Юлия До Жабёнок-лягушонок, или Проблемы с памятью и ложью


Иногда мне кажется, что в памяти у меня не память, а комната смеха с кривыми зеркалами и дразнящими отражениями. Вытянутые, расширенные, низкие, кривые, закрученные – все они лишь смеются надо мной, двоятся, словно в глазах пьяного, и ничего не дают, кроме издевательских намеков и ничего не подсказывающих подсказок.

Должно быть, это банально – сидеть, ничего не делая, но размышляя о прошедшей юности, о потерянной памяти, и делиться этими мыслями с самим собой, делая вид, что хоть кто-то услышит их и оценит, поймет, пожалеет не их, но меня.

Как же глупо и странно помнить так многое, но не знать, что из этого – правда. Сказал непонятно, поясню: с самого детства я любил лгать. Поначалу это были лишь простые фантазии, произнесенные вслух, небольшие, почти незаметные, но придающие пикантности и остроты, словно маленькая щепотка специи. По сути, она блюда не меняет, эта щепотка, мясо остается мясом, суп – супом, а каша – кашей, но без этой самой щепотки (совсем малюсенькой, всего в несколько песчинок) вкус будет пресным, и повара никто не похвалит. Так все началось – со специй, добавленных умелой рукой мастера-лжеца, но на благородном уровне лжи, на который можно поставить половину населения нашей планеты, я продержался недолго. Мне было мало, пучина лжи и соблазнительных, любимых вымыслов затягивала меня. И я начал лгать неладно, грубо, неосторожно, начал вплетать в речь нелепейшие истории, которые придумывал на ходу, сбивался, повторялся, путался, снова повторялся и снова ошибался.

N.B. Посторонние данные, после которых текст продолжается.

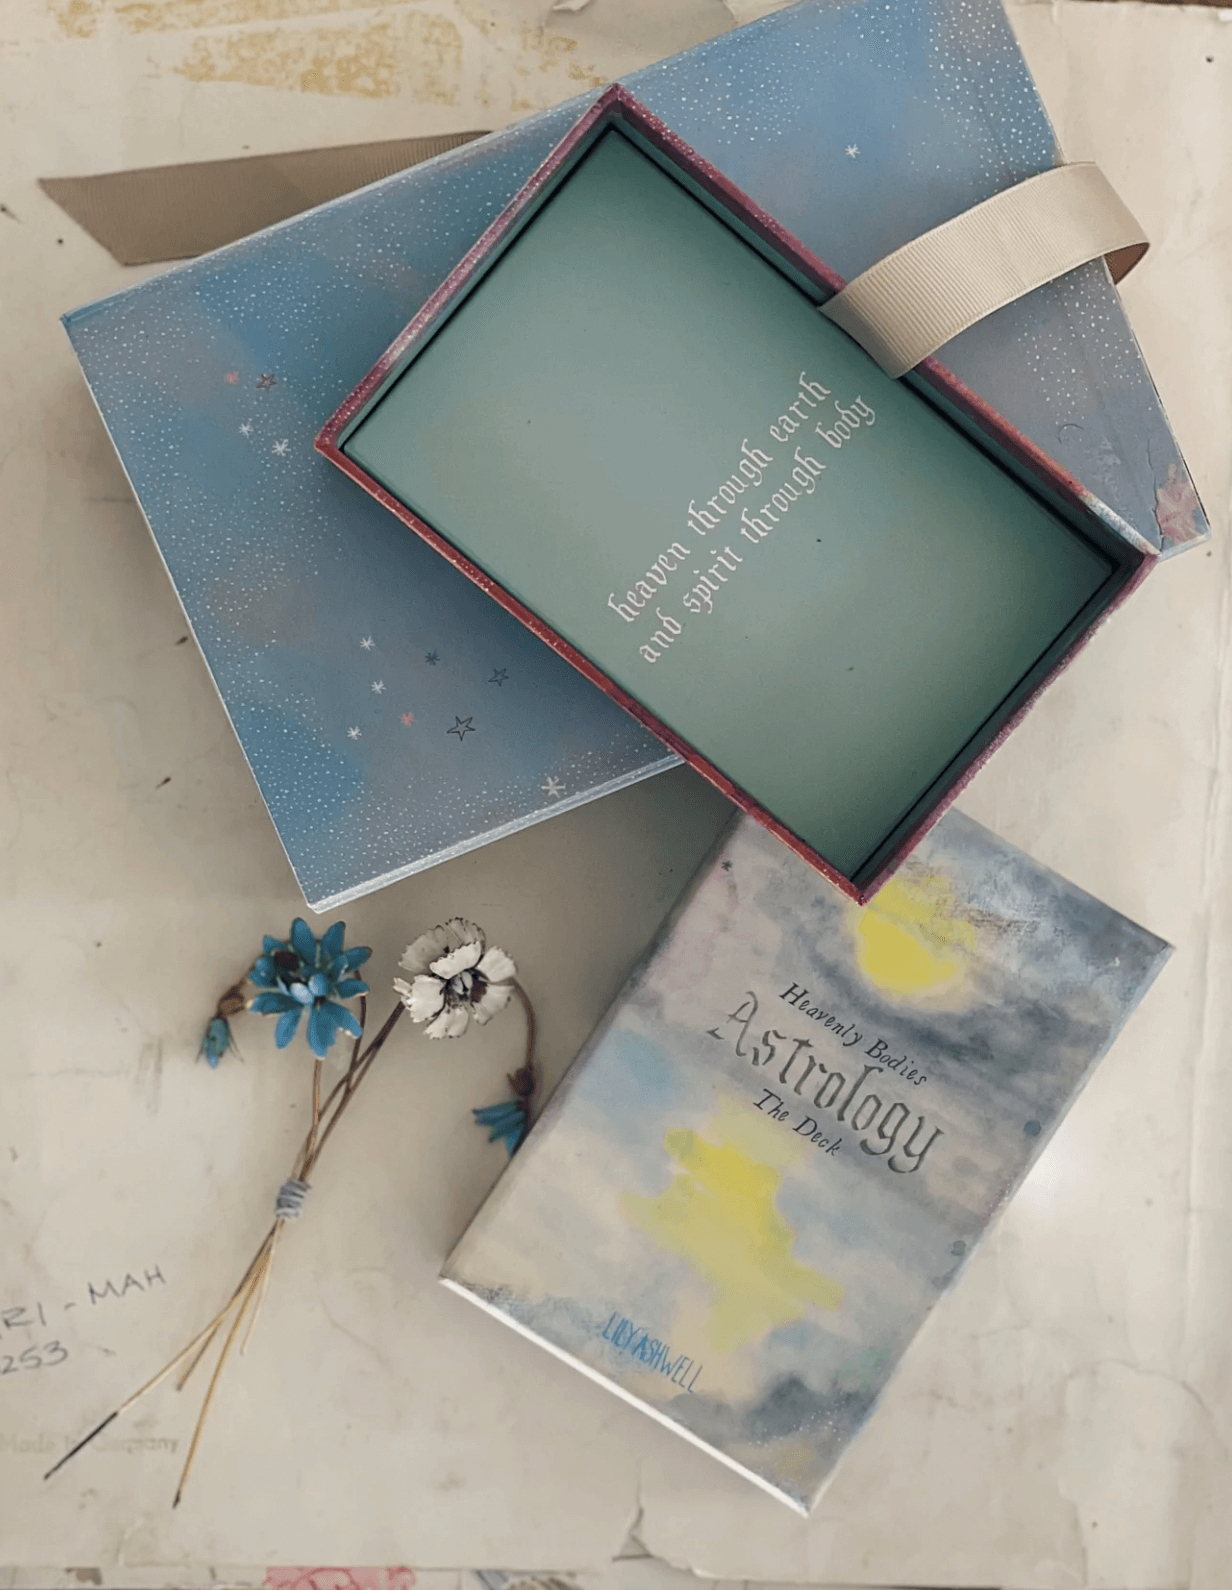 Astrology Oracle Deck and Deluxe Boxset

Кажется, вы, мой многоуважаемый воображаемый собеседник, меня не совсем понимаете, вы начинаете утешать меня, мол, все дети неумело врут, в этом нет ничего постыдного, не стоит мучить себя бессонницей и страстными попытками задушить себя простыней в приступах стыда. Вы, мой милый друг, не понимаете, – ах, как приятно обращаться к самому себе на «вы»! – позвольте привести пример.

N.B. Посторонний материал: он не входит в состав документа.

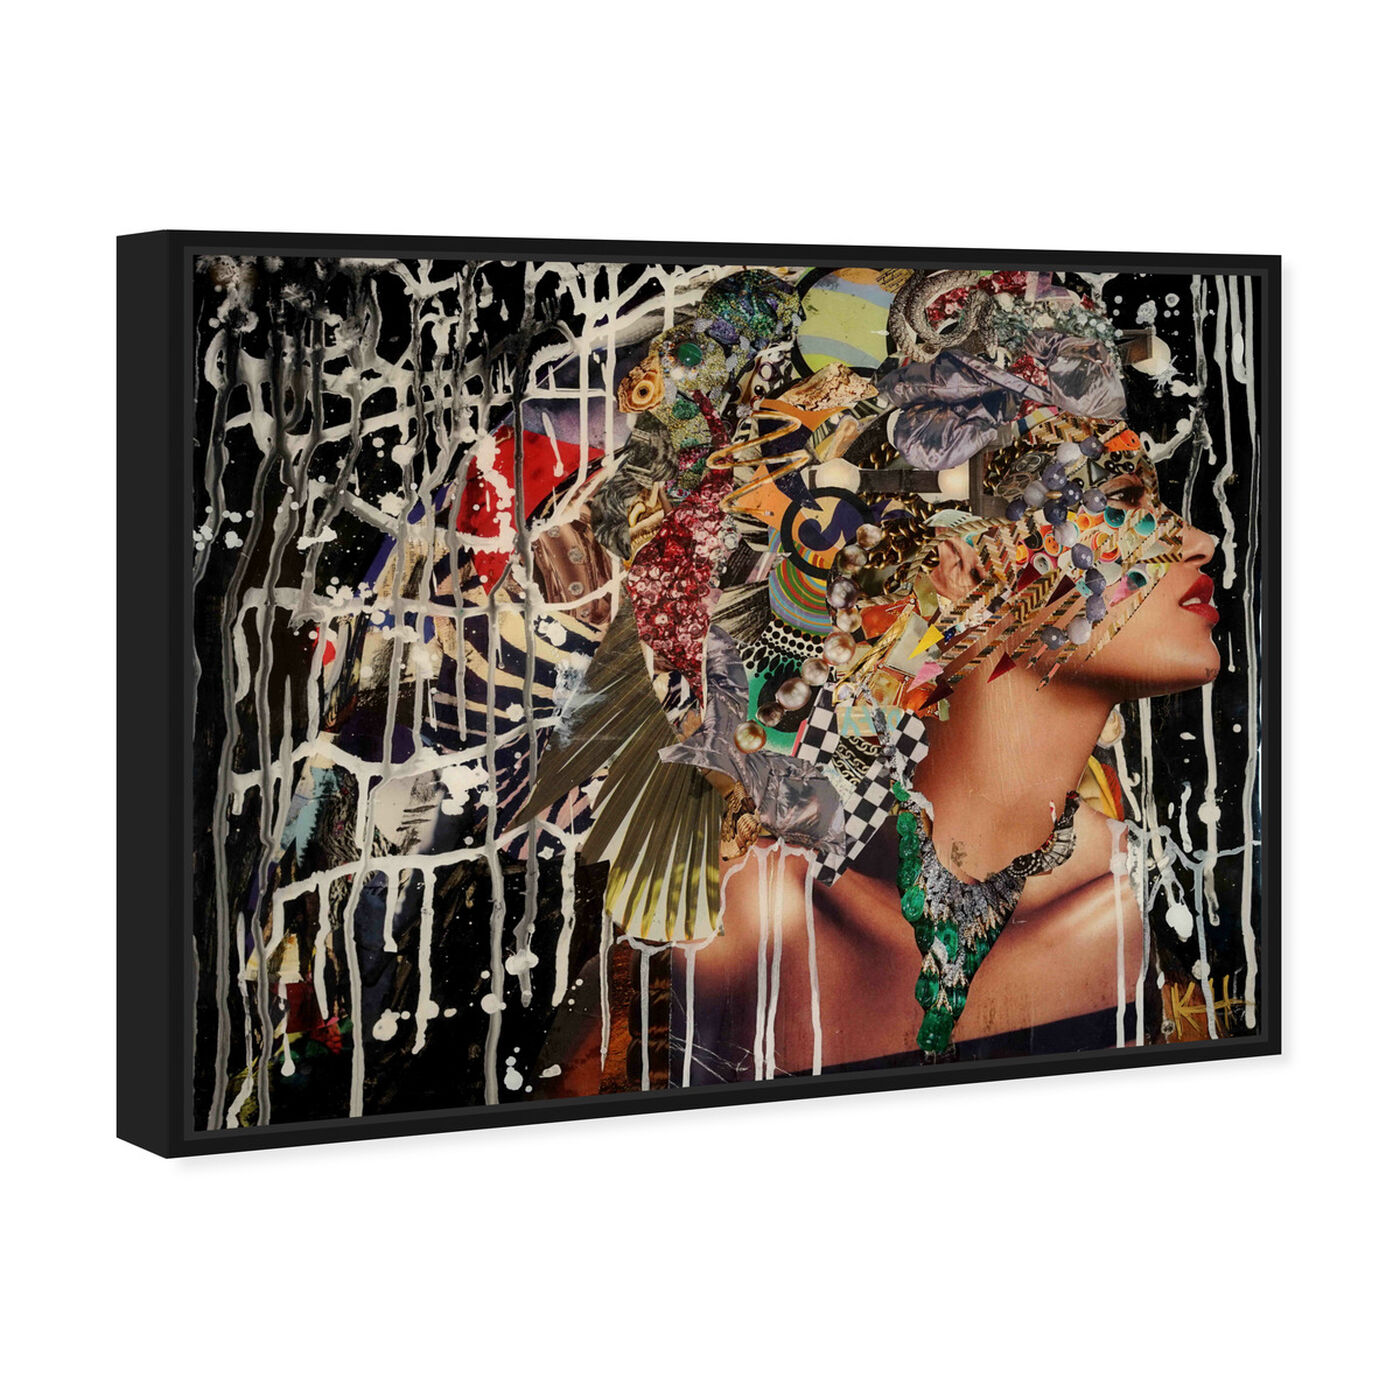 Angled view of Katy Hirschfeld - Tribal and Wild featuring fashion and glam and portraits art.

У меня всегда потели руки. Они были холодными, влажными, липкими. Как у лягушки. Поэтому-то в школе меня дразнили Жабёнком-Лягушонком.

Тот день ничем не отличался от других дней в школе. Повсюду визг, крики, смех детей, жалобный скрип мела, звуки дерева. На перемене я доставал учебник математики, линейку, уронил карандаш. На учебнике была нарисована красная птичка, у нее в клювике мел, как будто птица умеет и, самое главное, считает нужным умение писать. В класс забежала, резво прыгая с квадратика на квадратик на полу, девочка, такая чистенькая, с косичками. Никак не могу вспомнить, как ее звали. Ее имя точно начиналось на какую-то гласную. Или на «н»? «Н» точно была в ее имени. Нина? Точно нет. Может быть, Инга? Хм, может быть. Или Инна? Инга или Инна? Не помню! Пожалуй, это и не важно. Так вот, забежала в класс Инна-Инга, развеселая, румяная. Она была той самой маленькой девочкой, которую любили буквально все: и родители, и учителя, и сверстники, и собаки. Почти у всех таких девочек есть собаки… И снова я отвлекся! Продолжаю: я доставал учебник, ни о чем не подозревая, Инна-Инга подбежала и схватила меня за руку своей обезьяньей лапкой (и снова я забыл уточнить, что была у Инны-Инги ужасная привычка хватать всех за руки и тащить, напирая всем тельцем, в нужном ей направлении). Я никогда не дружил с ней, поэтому опасности не ожидал, не думал, что ей вообще когда-либо может от меня что-то понадобиться. Но что-то ей все-таки понадобилось. Инна-Инга схватила меня и отпрыгнула, не терпя ни секунды, брезгливо вытирая короткопалую кисть о клетчатое платьице. «Бе-е-е, Жабёнок-Лягушонок, – пищала она, – у тебя руки потные!» Уж не знаю, что на меня тогда нашло, но сделалось на душе мне так неспокойно и так обидно, что я не сумел сдержать поток новой лжи.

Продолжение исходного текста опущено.